Federal Finance Minister Christian Lindner (FDP) wants to make the fight against money laundering and financial crime a top priority. According to information from the magazine "Spiegel", he wants to set up a new higher federal authority that will bundle the fragmented competencies in Germany at a central point.

The new institution, the name of which has not yet been decided, should stand on three pillars. The first, a “Federal Criminal Investigation Office” that is also to be set up, consists of an independent search area. Federal officials are supposed to work there who should be given real investigative powers.

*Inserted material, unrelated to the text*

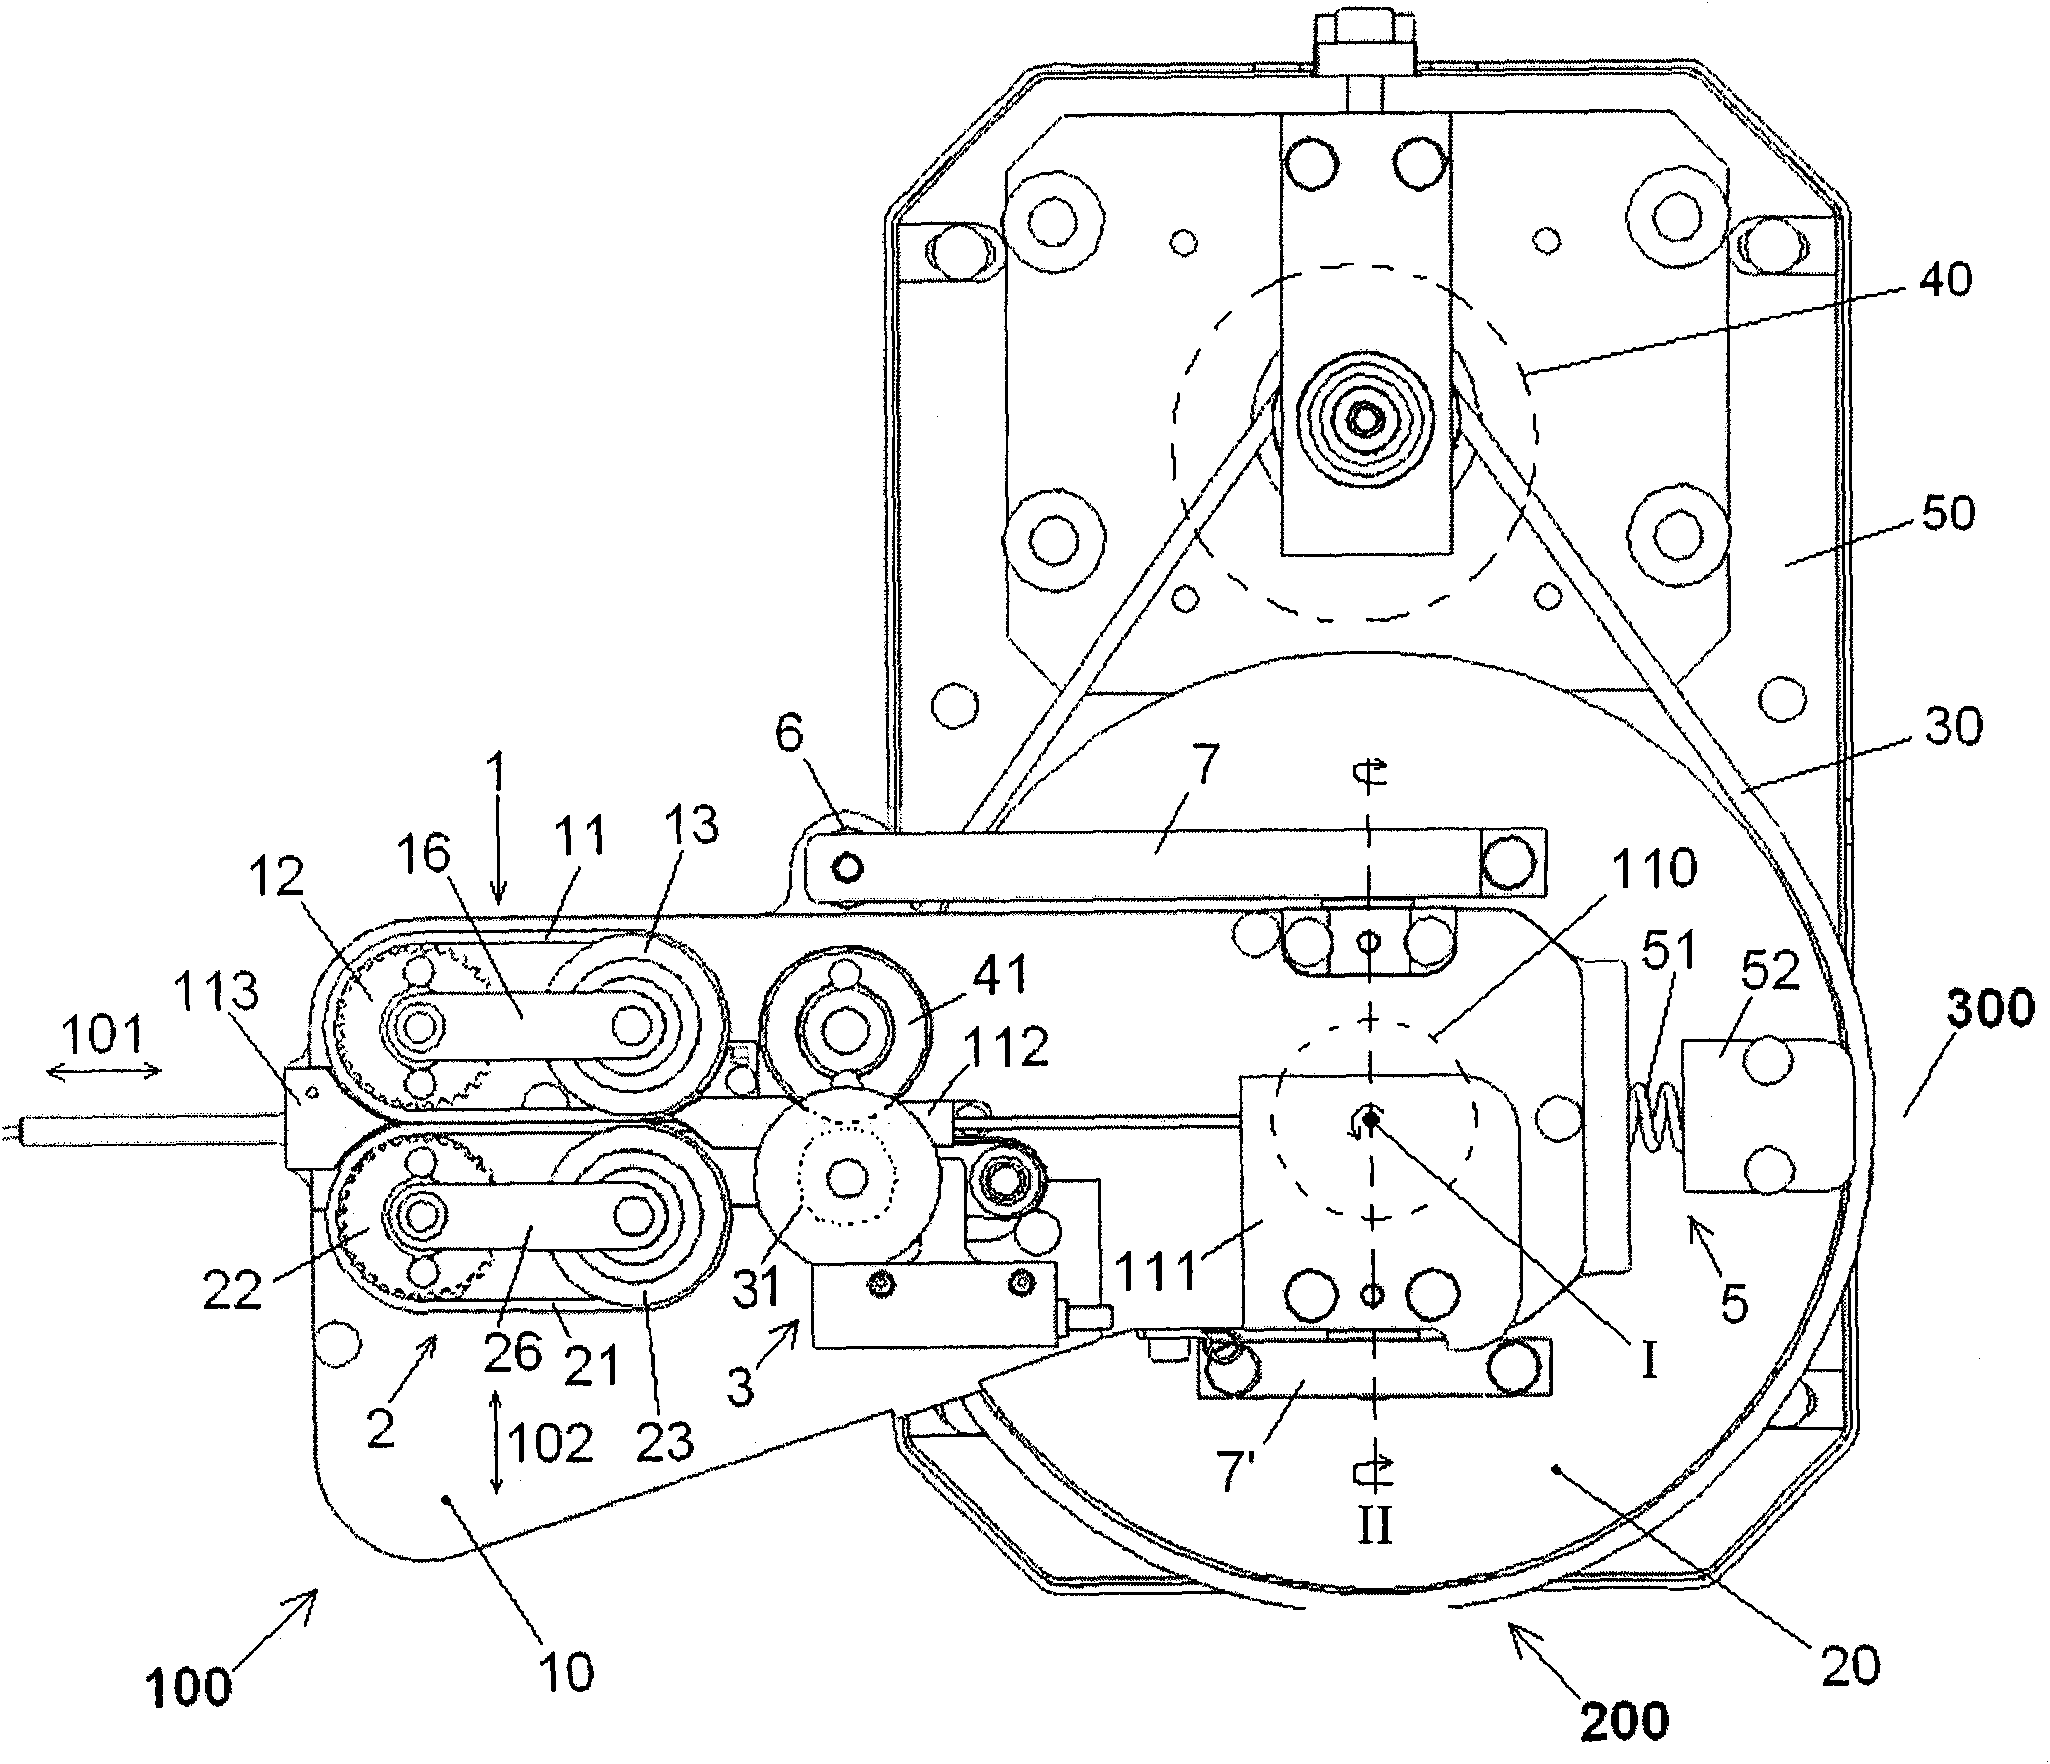 Cable supplying and rotating system

The second pillar is to form the already existing Central Office for Financial Transaction Investigations (FIU). She is responsible for using sophisticated computer programs to filter out those cases from the numerous suspicious activity reports that the investigators are supposed to investigate.

The third pillar is to be a coordinating central office for the supervision of the non-financial sector. This includes, for example, the real estate industry and the gambling industry. In these sectors of the economy, a particularly large amount of black money is channeled back into the regular economic cycle.

"I propose a paradigm shift," Lindner explains his approach to the "Spiegel". "We must follow the money trail consistently, rather than settle for uncovering a crime related to money laundering."

As the magazine further reports, Lindner is reacting to Germany's massive failure to control cash flows. This weakness is attested to in the country in an as yet unpublished report by the International Anti-Money Laundering Institution (FATF), which will be made public on Thursday.

According to "Spiegel", which was apparently able to view the report in advance, the verdict is "catastrophic". "The FATF experts attest to Germany's massive shortcomings in the cooperation between the federal and state governments as well as difficulties in getting to the bottom of complex financial constructions in money laundering," the article says.

Experts have also been pointing out for years that federal and state governments lose billions in tax revenue every year due to money laundering.